Wednesday, July 22, 2015

Cold Migration of Shared Disks (Oracle RAC and NFS clusters)

Certain applications use shared disks (Oracle RAC and NFS clusters due to clustering features). These can be vMotion’ed between hosts (for RAC you have to be careful for monster VMs and high loads as the cluster timeout has low threshold that can be reached during cut-over), but svMotion is not possible. Migration of disks will have to be done while both virtual machines (or all VMs in cluster) are shut down (cold migration). The method involves shutting down both primary and secondary node, removing the shared disk that has to be migrated (without deleting it) from the secondary node, migrating the disk to new LUN from primary VM, and then re-adding the disk to secondary node after migration is completed (including configuration of multi-writer flag for disk). After this both VMs can be booted.

Note: This is not RDM disks but regular vmdk's with multi-writer flag set

Instruction steps

Steps to migrate shared disks (Oracle RAC and NFS)

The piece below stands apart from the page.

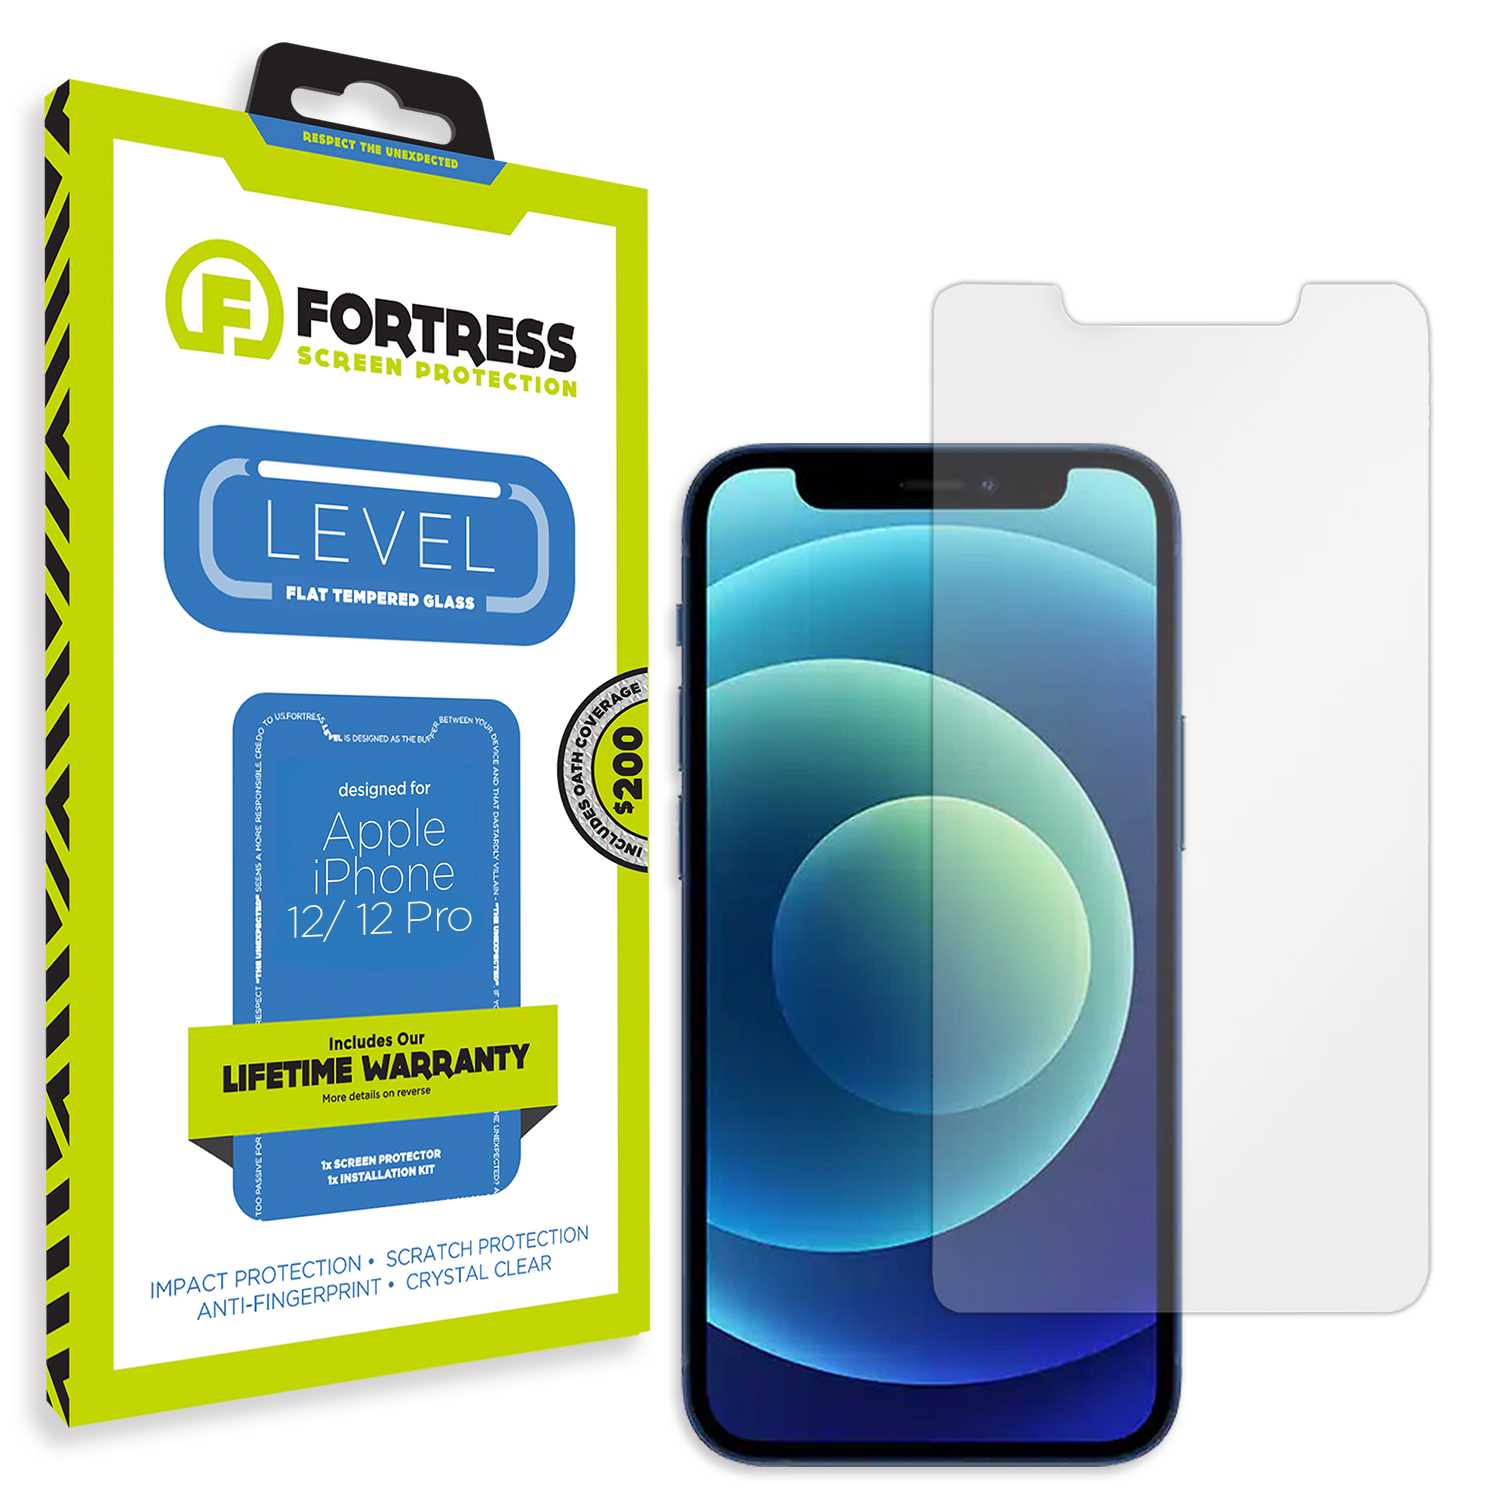 Fortress iPhone 12 Pro Screen Protector $200Coverage Scooch Screen Protector

  • Identify the two VMs that share disks, note the VM names
  • Identify the disk(s) that should be migrated to new LUN, note the scsi ID for each disk (e.g. SCSI (1:0))
  • Note (mostly for Oracle RAC) if disk is configured in Independent and persistent mode
  • Ensure maintenance/blackout windows is in place
  • Shut down both VMs
  • For secondary VM, go to Edit Settings -> Options -> General -> Configuration Parameters (see screen dump below) and verify if the “multi-writer” flag is set for the disks to be moved
  • While both VMs are shut down, remove the disk(s) from the secondary VM (without deleting it)
  • From primary VM, right click and choose Migrate. Migrate the disk(s) to the new LUN
  • Wait for the process to finish
  • On secondary VM, go to Edit Settings -> Hardware -> Add. Select Hard disk and Use existing hard disk. Browse for the disk in the new location and click add. Make sure the same SCSI ID is used as before
  • For secondary VM, go to Edit Settings -> Options -> General -> Configuration Parameters -> Add row and add the multi-writer flag to each of the re-added disks.
  • (If disk is/was configured in Independent and persistent mode, go to Edit settings -> Hardware -> Mark the disk -> under Mode, check the Independent check-box and verify that the Persistent option is set)
  • Boot the primary VM, boot the secondary VM
  • Ensure that application is functioning as expected. Done



Monday, July 13, 2015

Permanent Device Loss (PDL) and HA on vSphere 5.5

At my current client we are doing a number of non-functional requirement (NFR) tests involving storage. One of them is about removing a LUN to see if HA kicks in.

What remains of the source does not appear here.